Hindsight is 20/20 and looking back, we both feel extremely fortunate. My husband got better and passed the 5 year survival mark, even though he still has some residual side-effects. We had to re-establish our marriage and he had to learn to concentrate on becoming the father again. He is now the strong man I remember him to be. His relationship with me and the kids are great. But - most of all, I am fortunate to have learned so much.
Some tips for those going through the same thing:
1. Allow others to help. Without my mother-in-law moving in, I'm not sure how we would have made it. I was able to keep working to keep our health insurance and pay our rent. The kids were taken care of with the babysitters help. Family visited to ensure that hubby was able to make his doctor's appointments. During in-patient treatment, we ensured that he always had someone at the hospital to ask questions and ensure his treatment was moving along correctly.

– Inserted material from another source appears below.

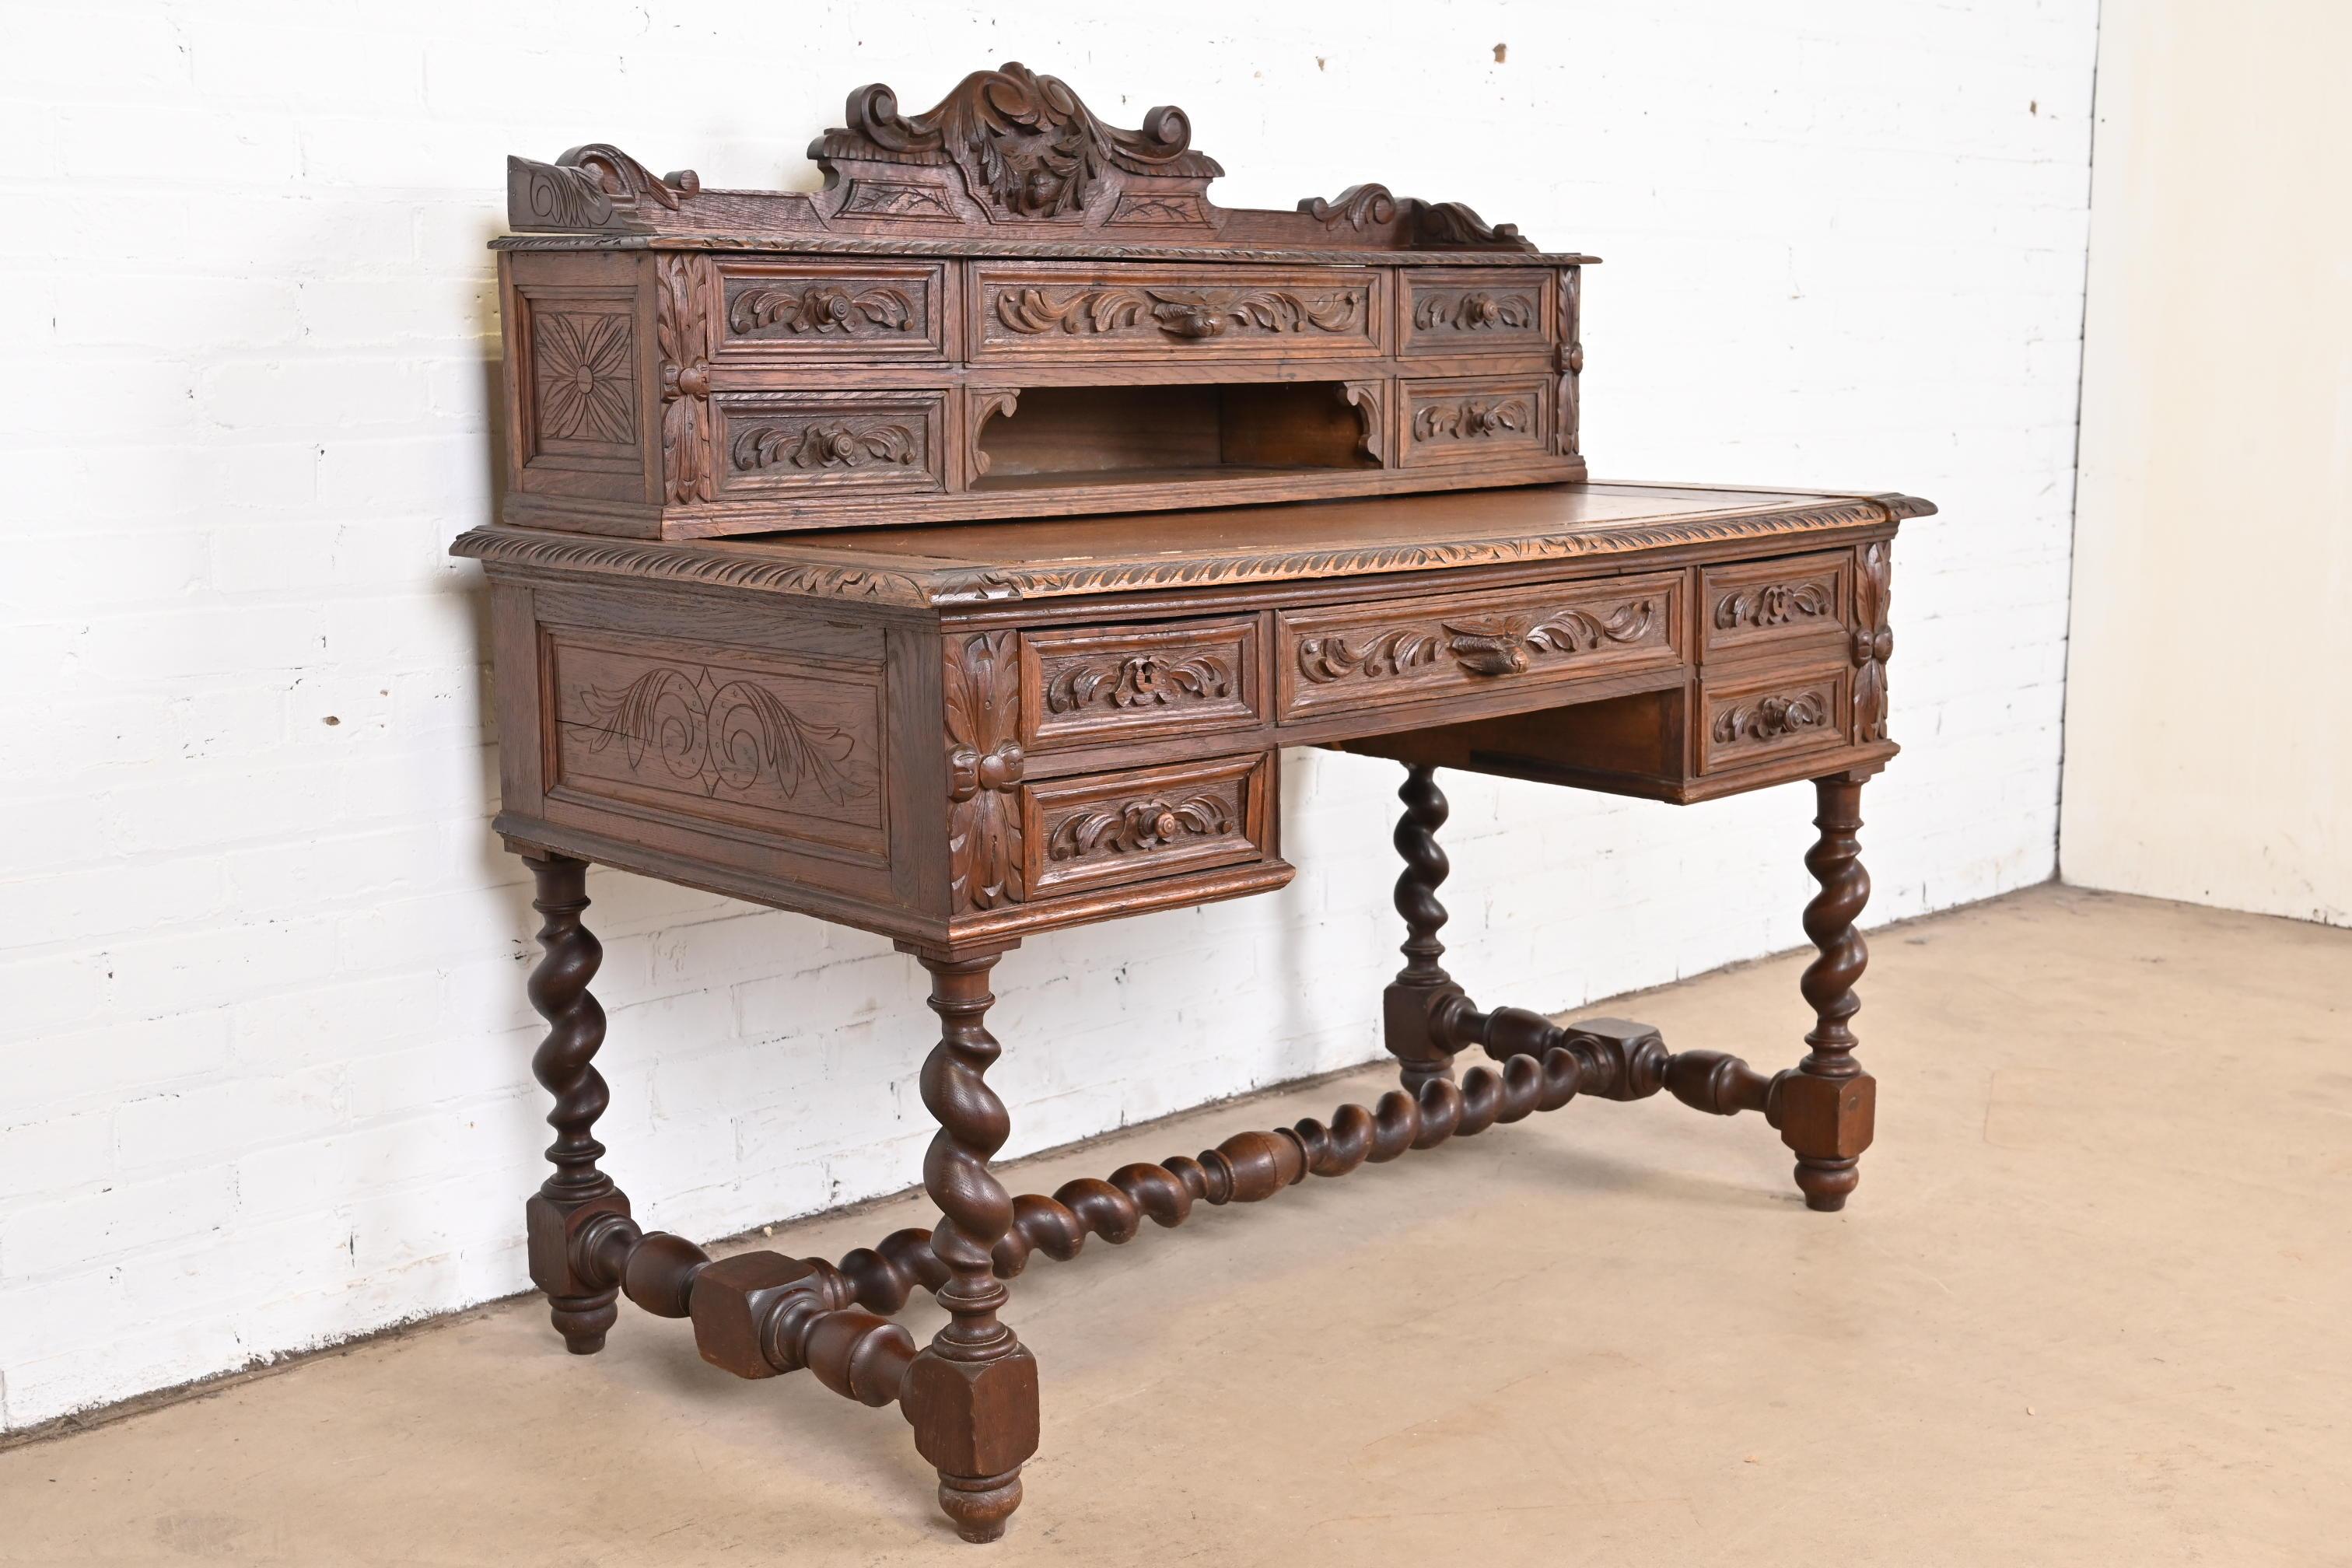 19th Century French Black Forest Carved Oak Writing Desk With Barley Twist Legs For Sale 3

2. Ask questions, ask more questions and ask even more questions. Do not be intimated by doctors and do not allow them to rush you through treatment. If you are not comfortable with a doctor or feel you aren't getting enough time, switch doctors! This is your life and you must take charge of it.
3. Take life in small chunks. Don't think about next week if it's stressing you out. Live hour by hour and deal with the here and now if that's as much as you can handle. Life will continue moving on and worrying about next week or next month if you can't change anything now is a waste of energy and introduces unnecessary stress.
4. Take comfort in the small things. Establish rapport with the nursing staff - they can sometimes be your best ally and really helped us deal with setbacks. Celebrate successes. Lean on others and share feelings. I remember one moment when my 5 year old son and my two pre-teen nephews shaved their heads to be like "Uncle Mike", who was completely bald by then. That is still a picture I treasure.
5. Pray - not just for healing, but also pray for moments of peace. Take a moment and pray for others who need help as much or more than you do.
In conclusion, we don't know why hubby developed cancer. But - I can tell you how humbling the entire process was for both of us. We were so fortunate to have good doctors, an excellent support system, access to quality health care and people who encouraged us never to give up. As we went through the MD Anderson Cancer Center in Houston, we saw people where cancer had eaten up part of their face, kids in strollers with bald heads and the pale face associated with chemo and we realized that no matter what was in store, as a family we could be strong and use this experience to become stronger.